Nesse ponto, “Garra de Ferro” é fadado a mourejar com temas masculinos, incluindo as questões paternas e a toxicidade do masculino ideal, por um viés de controle.
O título brinca com isso. Garra de ferro é o nome de uma manobra da luta popularizada pelos Von Erich, que envolve segurar o oponente pelo rosto com a mão em forma de garra. Ela serve para fechar a pugna, mesmo que de maneira reprovável.
Kevin começa o filme já na procura pelo título mundial. Sua figura é de longe a mais monstruosa da família, uma máquina de músculos inchados que até distorce o rosto de Zac Efron.
Ele é também o único fruto vivo de Fritz, o que explica o seu protagonismo na história. Mas também será por meio dele que Sean Durkin construirá a derrocada do longa, com a sua anseio impulsionada pelo libido goro do pai em vencer no esporte.
Ao mais velho, caberá o olhar da testemunha. A câmera acompanha Kevin de perto e, com paciência, o transforma em uma figura dominada pelo pavor, um vulto dentro do projecto. Ao testemunha, cabe a incerteza se o sonho dele é somente o libido do pai —e, portanto, a raiz da morte dos irmãos.
Por contingência, a viradela acontece quando o trio formado por Kevin, David e Kerry vence o título, e o pai rouba o microfone nas comemorações no ringue. A cena, filmada em um projecto desobstruído que se fecha na família, mostra Fritz profetizando que os filhos formarão uma dinastia no esporte. Quando ele diz isso, exclusivamente o seu sorriso se mantém.
Mas o lado mais possante de “Garra de Ferro” não é o pavor, mas a discussão do luto e, em pessoal, da recusa em se consentir a morte.

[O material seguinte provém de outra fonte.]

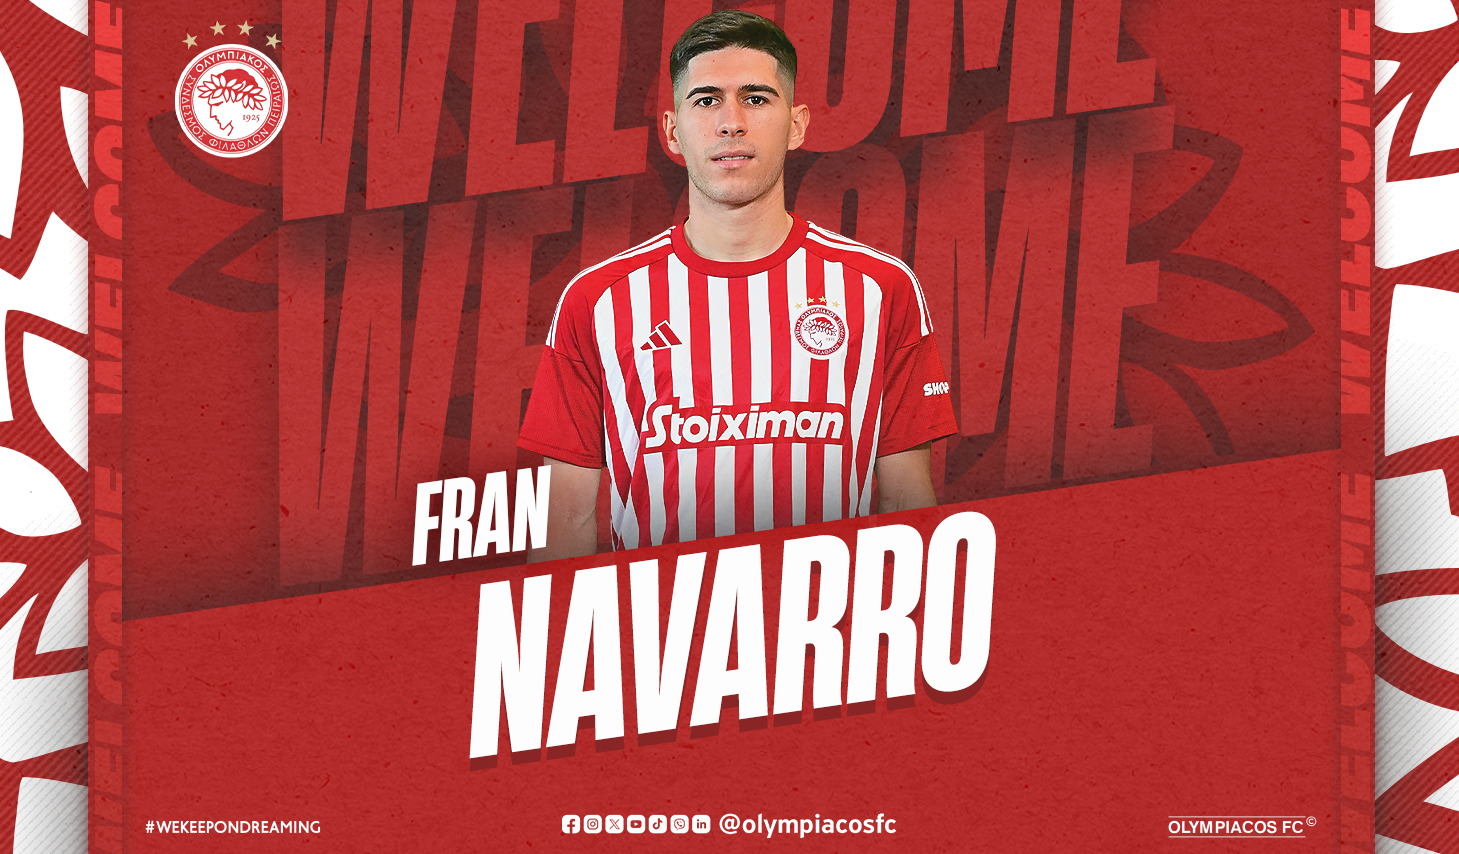 Fran Navarro joins Olympiacos

Na procura insaciável e frustrada pela vitória, a família —talvez pelo pai, talvez pelos efeitos dos ringues— se resguarda da dor. Uma postura de controle, que faz sentido nas lutas para continuar na disputa, mas que na vida real se torna uma experiência sufocante.
A imagem da mãe que se refreia de cuidar dos filhos se impõe nesse momento, até mesmo porque sua postura estoica vale para tudo. Em uma das cenas mais fortes do filme, a personagem confessa à nora, vivida por Lily James, que não consegue usar o mesmo vestido preto para o terceiro enterro de um fruto. No papel, Maura Tierney brilha ao se restringir por completo, revelando alguém que se fecha ainda mais para o mundo a cada novidade perda.
Sean Durkin, assim, reordena a história dos Von Erich uma vez que a de uma morada em deterioração. O caminho é bastante espargido por ele, que fez um tanto similar em seu longa anterior, “O Refúgio”, de 2020. Ali, também, Durkin brincava com a alucinação dos personagens, em uma mansão alugada por uma família que via o sonho de riqueza desabar por terreno.
A grande diferença, cá, é a adesão ao melodrama clássico. Pelo gênero, “Garra de Ferro” luta contra as suas próprias amarras na procura do sentimento, cá traduzido na imagem do paixão fraternal perdido.
Se essa procura acabou frustrada na veras pelas mãos frias da morte, Durkin usa o cinema para encontrar algumas soluções simbólicas. O único dispêndio são as muitas lágrimas que desperta no público.